Liu founded Origin Wireless in 2013. His inventions won three prestigious CES Innovation Awards, including CES Best of Innovation in 2021, 2017 CEATEC Grand Prix, 2021 Red Dot Design Award, and many other awards. Origin's first product, marketed as the Belkin Linksys Aware, was deployed in 2019 to over 150 countries worldwide as the first-ever Mesh Wi-Fi integrated communications and motion-sensing technology, marking the birth of integrated communications and sensing for mass consumer applications, and it won many prestigious awards. Verizon Fios launched Home Awareness and Signify, formerly known as Philips Lighting, did SpaceSense in 2022 enabled by Origin's wireless AI technology.

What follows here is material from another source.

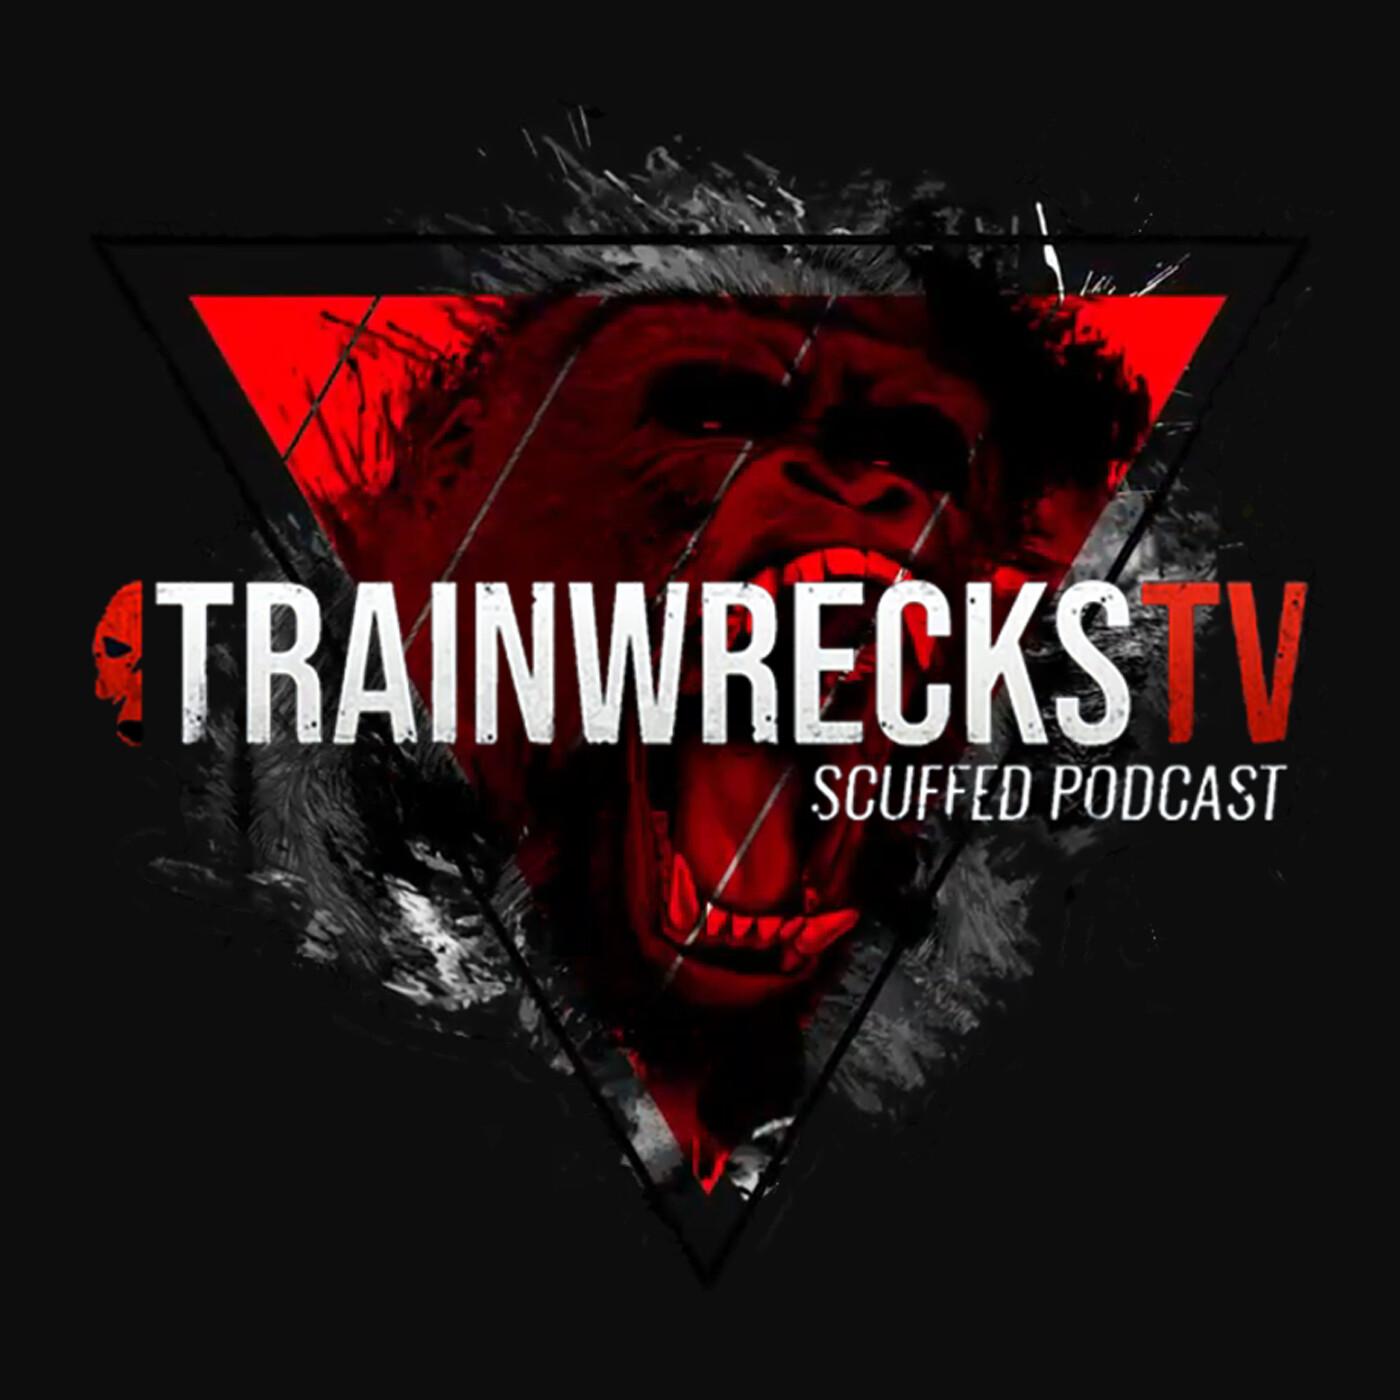 Episode 112 (Feat. Daily Dose, Corinna Kopf, FaZe Banks, and Ludwig)
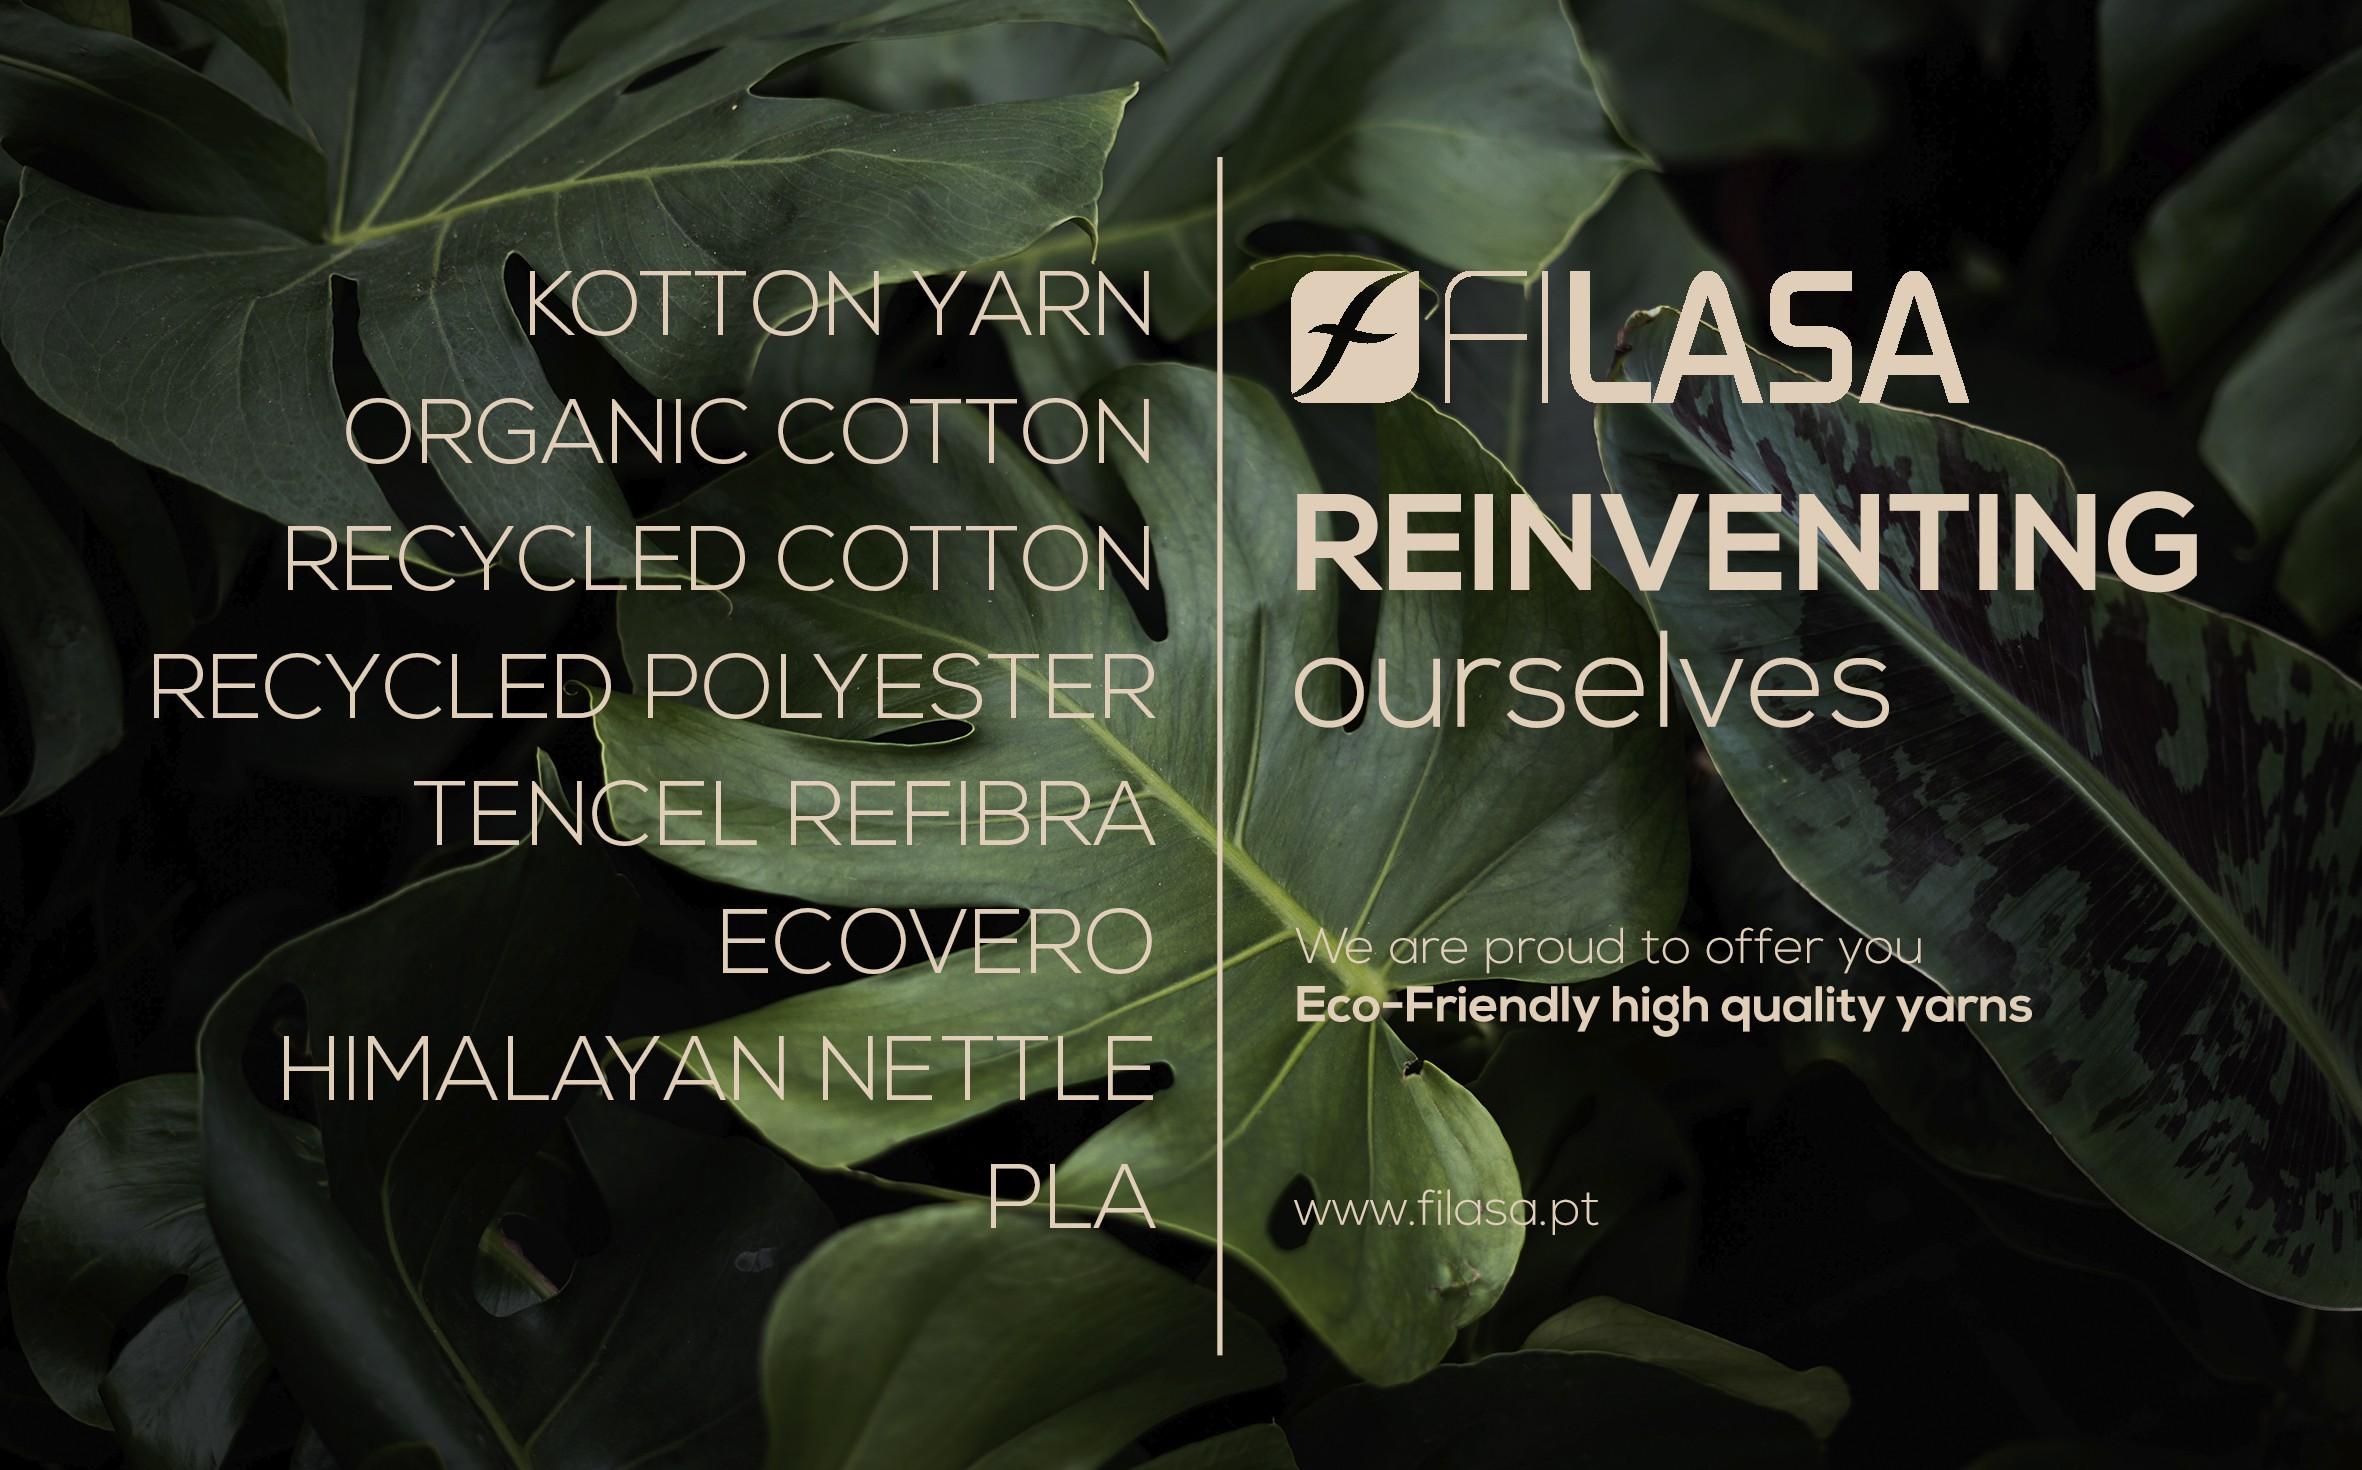 Filasa Experience For Environmentally Friendly Yarns

Liu was the 2022 IEEE President and CEO. He strived to "Make IEEE Your Professional Home", a motto that defines his IEEE Presidency. He has served as the 2019 IEEE Vice President - Technical Activities, Division IX Director of IEEE Board of Directors in 2016-17, and the President of IEEE Signal Processing Society in 2012-13. He was also the Editor-in-Chief of IEEE Signal Processing Magazine in 2003-05. Liu was a founder of Asia-Pacific Association of Signal and Information Processing (APSIPA).

As the founder and president of Odyssey Technology in 1997-1999, Liu and his team developed the world's first digital surveillance system through the Internet when the only available surveillance systems were analog. The system was immediately adopted worldwide and used by many major chain stores/banks.

Awards and Honors
Liu is the recipient of two IEEE Technical Field Awards: the 2021 IEEE Fourier Award for Signal Processing with the citation "For outstanding leadership in and pioneering contributions to signal processing for wireless sensing and communications", and the 2016 IEEE Leon K. Kirchmayer Graduate Teaching Award "for exemplary teaching and curriculum development, inspirational mentoring of graduate students, and broad educational impact in signal processing and communications".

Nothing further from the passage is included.